Nice comparsion, but when it cames to heterogeneous context e.g. in my current project (md4-hash-algorithm) where i 'simple' change 'movdqa' by 'movaps' it leads to a DECREASE in performance...
So its nice to know about the abilities of the single instructions, but in 'real-world-applications' this knowledge often isn't enough... ...but i keep this fact in mind ;)

qWord

Quote from: phaap on January 18, 2013, 01:28:10 AM
Nice comparsion, but when it cames to heterogeneous context e.g. in my current project (md4-hash-algorithm) where i 'simple' change 'movdqa' by 'movaps' it leads to a DECREASE in performance...
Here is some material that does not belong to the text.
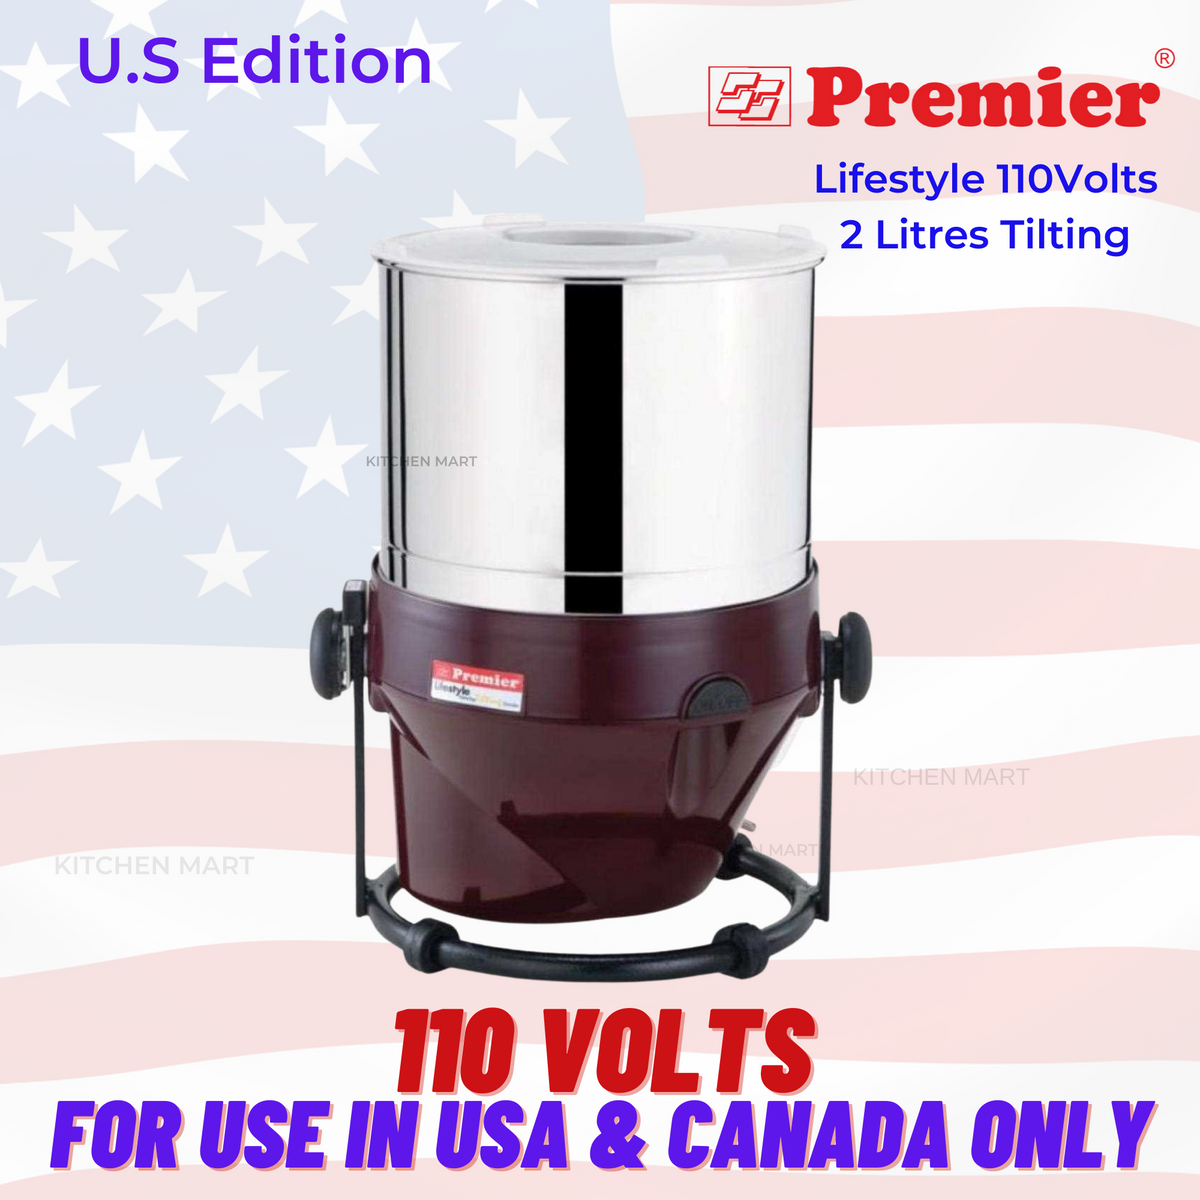 Premier Lifestyle Wet Grinder (Multicolor) 110 volts for use in USA &amp; Canada Only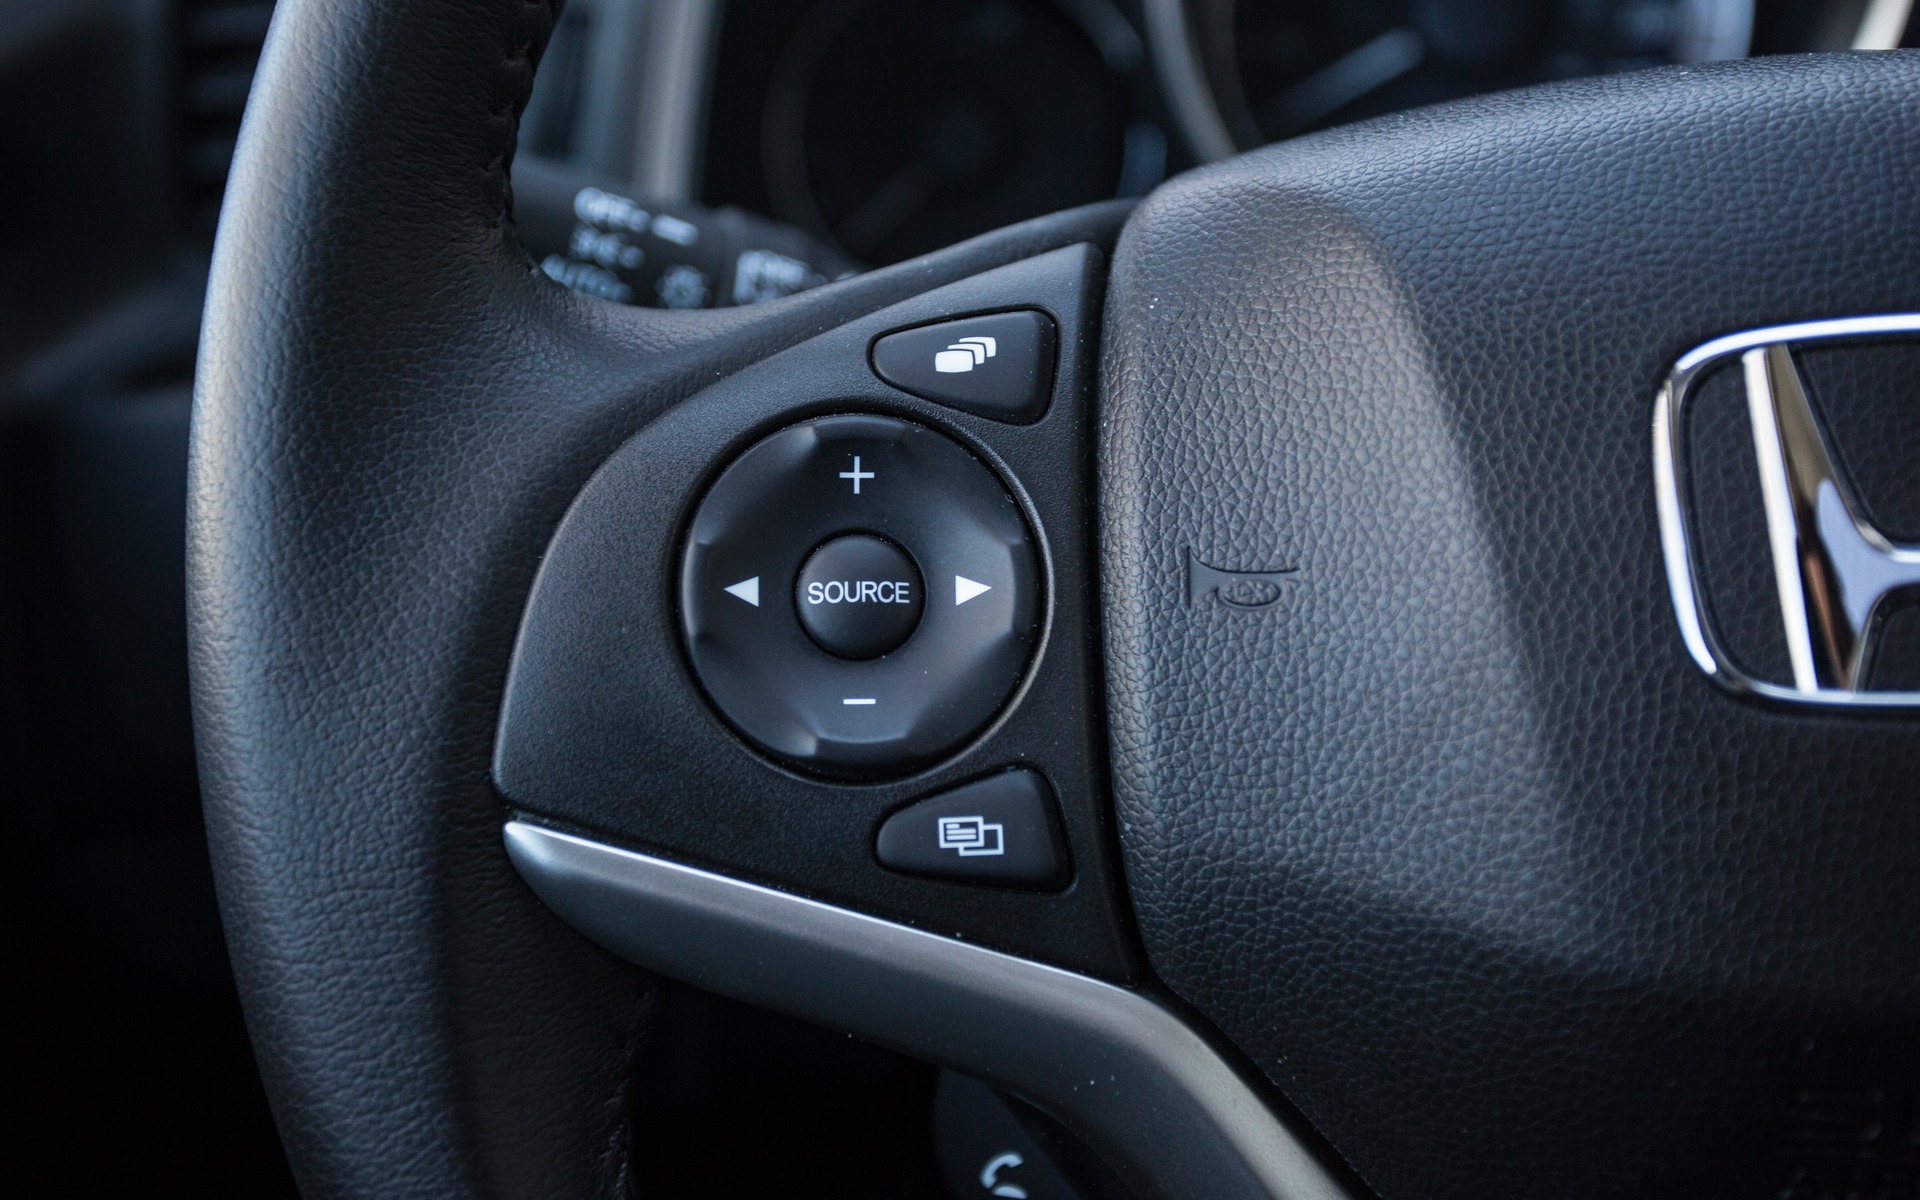 The steering wheel mounted buttons on the Fit are really useful.

So its nice to know about the abilities of the single instructions, but in 'real-world-applications' this knowledge often isn't enough... ...but i keep this fact in mind ;)
it would be really nice if you can upload those two tests!
MREAL macros - when you need floating point arithmetic while assembling!